El Apartamento y ¿Bailamos? Bienvenido a la tierra del remake

Por: Alberto Acuña Navarijo

Sería injusto juzgar a Hollywood, la segunda fuente de ingresos de Estados Unidos (sólo superada por la producción de armamento militar y seguida de la electrónica), por sus continuas decisiones de realizar remakes de éxitos probados provenientes del resto del mundo, ya que casi cualquier cinematografía en su historia ha hecho lo mismo: el segumiento al pie de la letra de fórmulas y convenciones para sus particulares versiones del cine de género, en pos de la aceptación popular. O sea, el que esté libre de culpas, que arroje la primera piedra. Es más, actualmente escuchamos covers de música de los 80, nos vestimos según las tendencias retro y vamos a lugares con ambientación y decorados minimalistas, corriente artística de los 60, y nadie dice nada, siendo esto señal de los cumplimientos de ciclos transformados por cada generación. En otras palabras, no hay nada nuevo bajo el Sol, o en todo caso muy poco.

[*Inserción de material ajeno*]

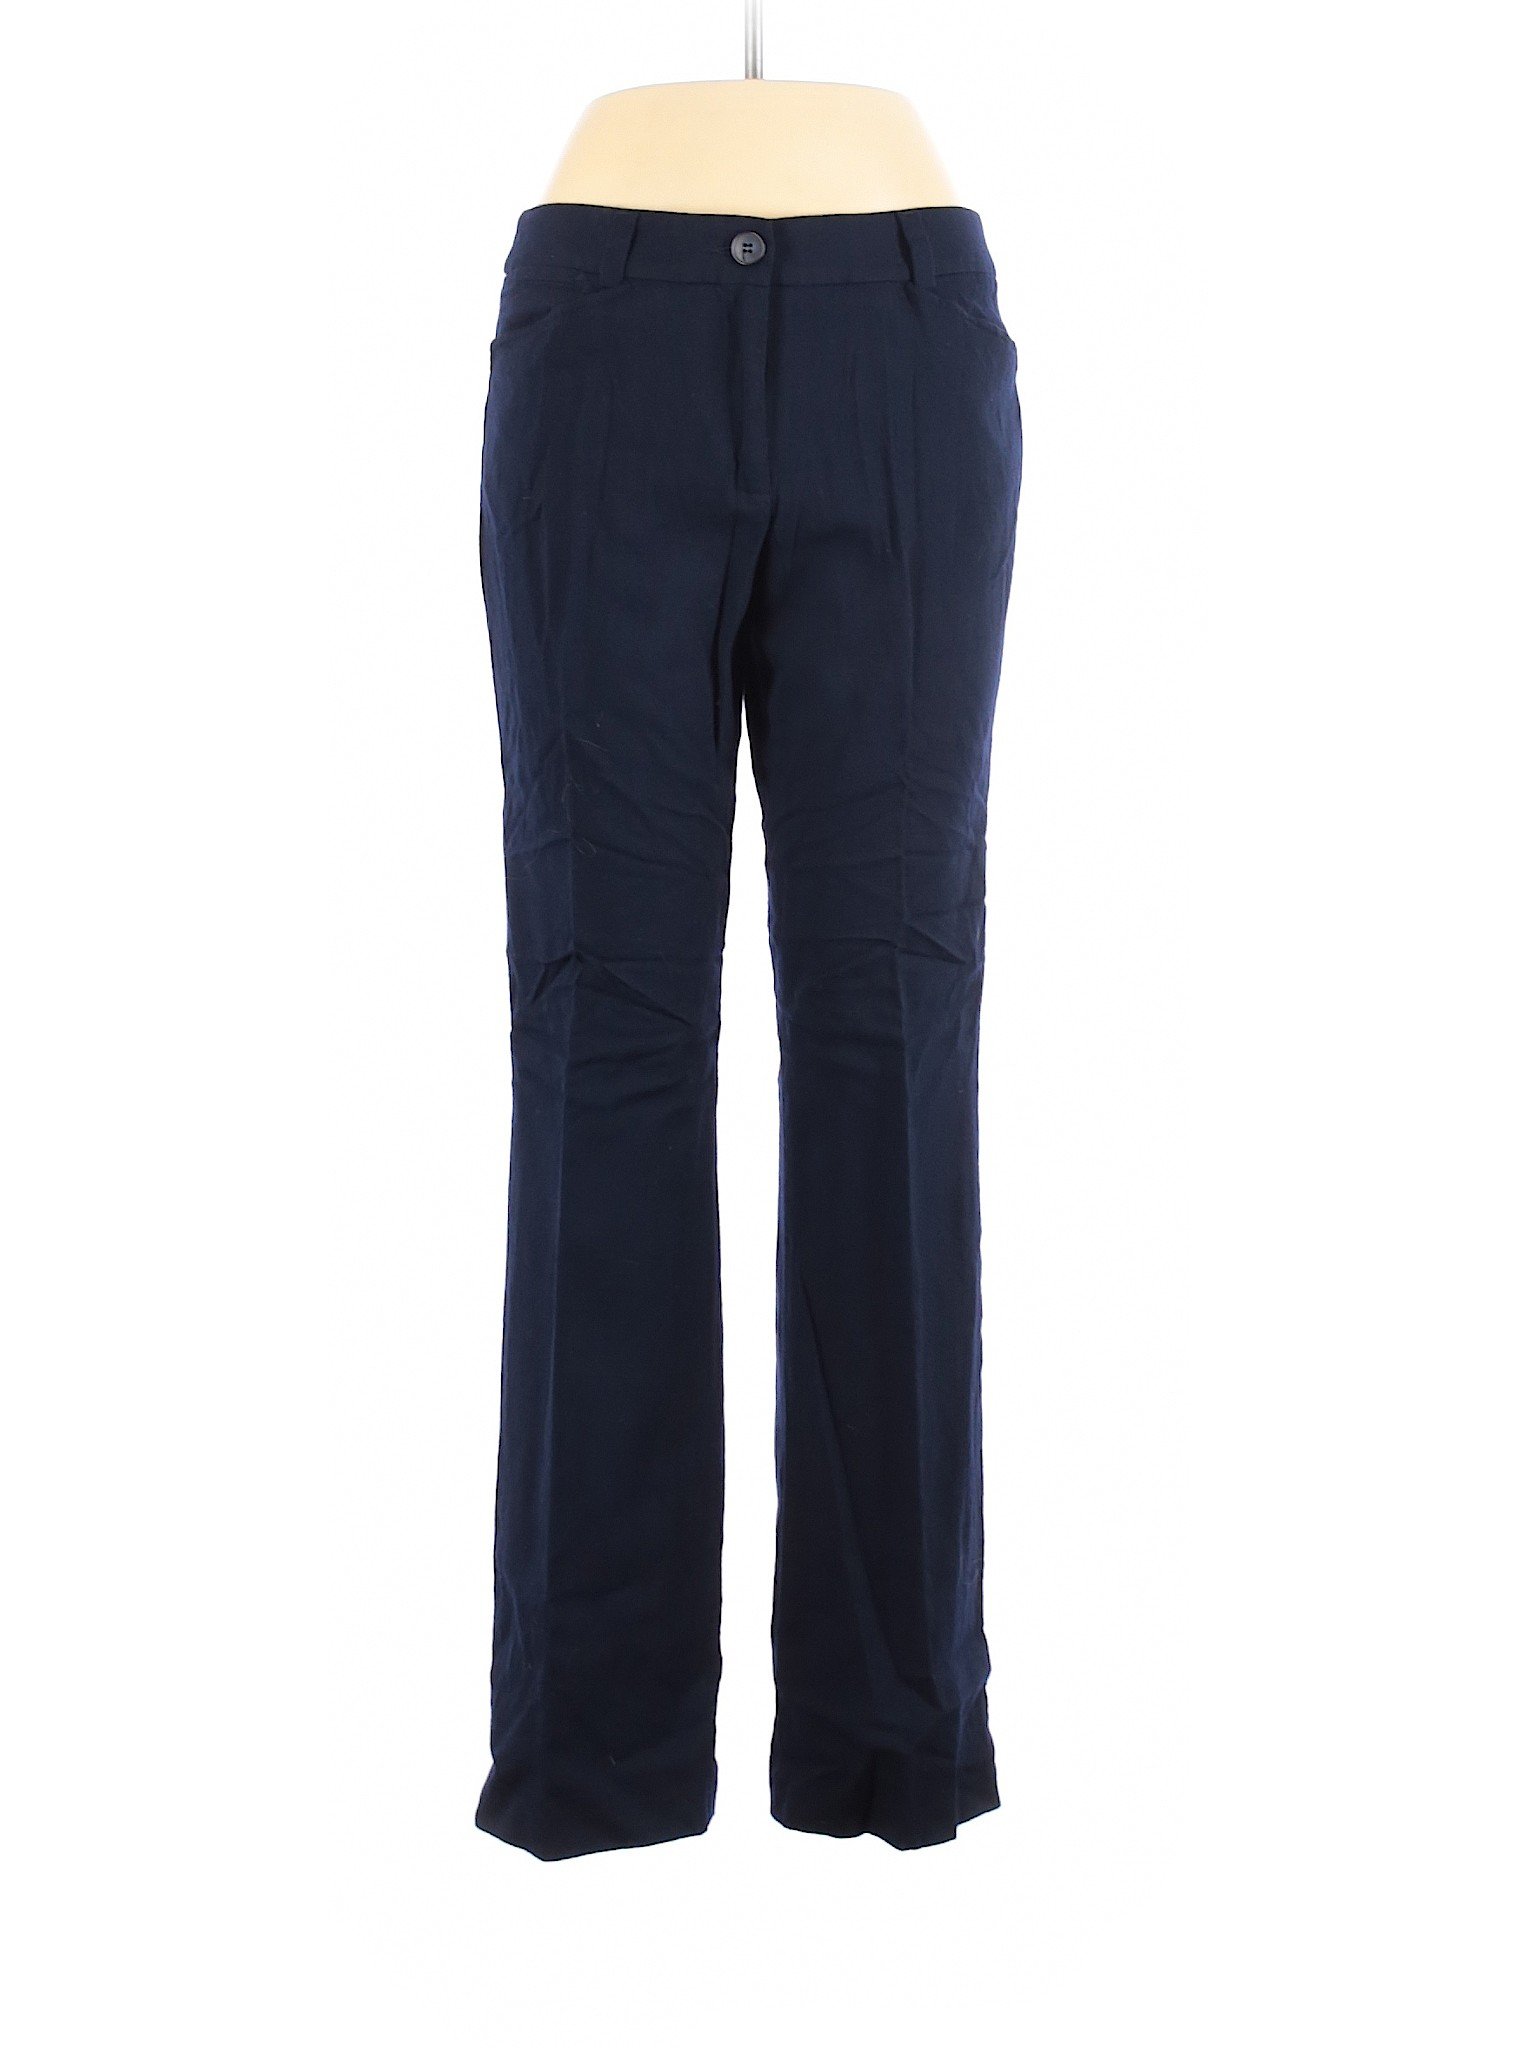 Pendleton Women Blue Wool Pants 10 | eBay

Pero lo que ha provocado las amargas quejas por parte de miles de cinéfagos, por este saqueo de ideas y captación de talento proveniente del extranjero, así como el gusto de ver hacia atrás por parte de Hollywood, es el hecho de ver a una industria endeble, que prefiere convertir a su antojo dichas propuestas omitiendo la esencia de la cinta a revisitar, temiendo arriesgarse un poco y renovarse; evidenciando a un país que sólo asimila muy a su manera idiosincrasias ajenas, convirtiéndolas sólo en un producto de moda. Dos de los ejemplos más recientes para demostrarlo son El Apartamento (Paul McGuigan, 2004), basada en la cinta homónima francesa (L´Appartement, Gilles Mimouni, 1996), la cual pasa de ser un thriller a una almibarada cinta romántica con uno de los finales más cursis de la historia del cine. ¿Increíble?. Bueno, pues qué decir de ¿Bailamos? (Peter Chelsom, 2004), versión americana de la japonesa Shall We Dansu? (Masayuki Suo, 1996), la cual aun con la inocente idea de que cualquier problema que se tenga se soluciona aprendiendo a bailar, lo que, la verdad sea dicha, no afecta a nadie, sí es fastidiosa porque nunca se decide si es una comedia o una crítica al estilo de vida acelerado de la población en las grandes metrópolis, la cual necesita regresar a lo básico para recuperar la tranquilidad, y peor aún, para no perder la costumbre, todo el numerito lo hace a costa del cliché lastimero hacia latinos, negros y amanerados.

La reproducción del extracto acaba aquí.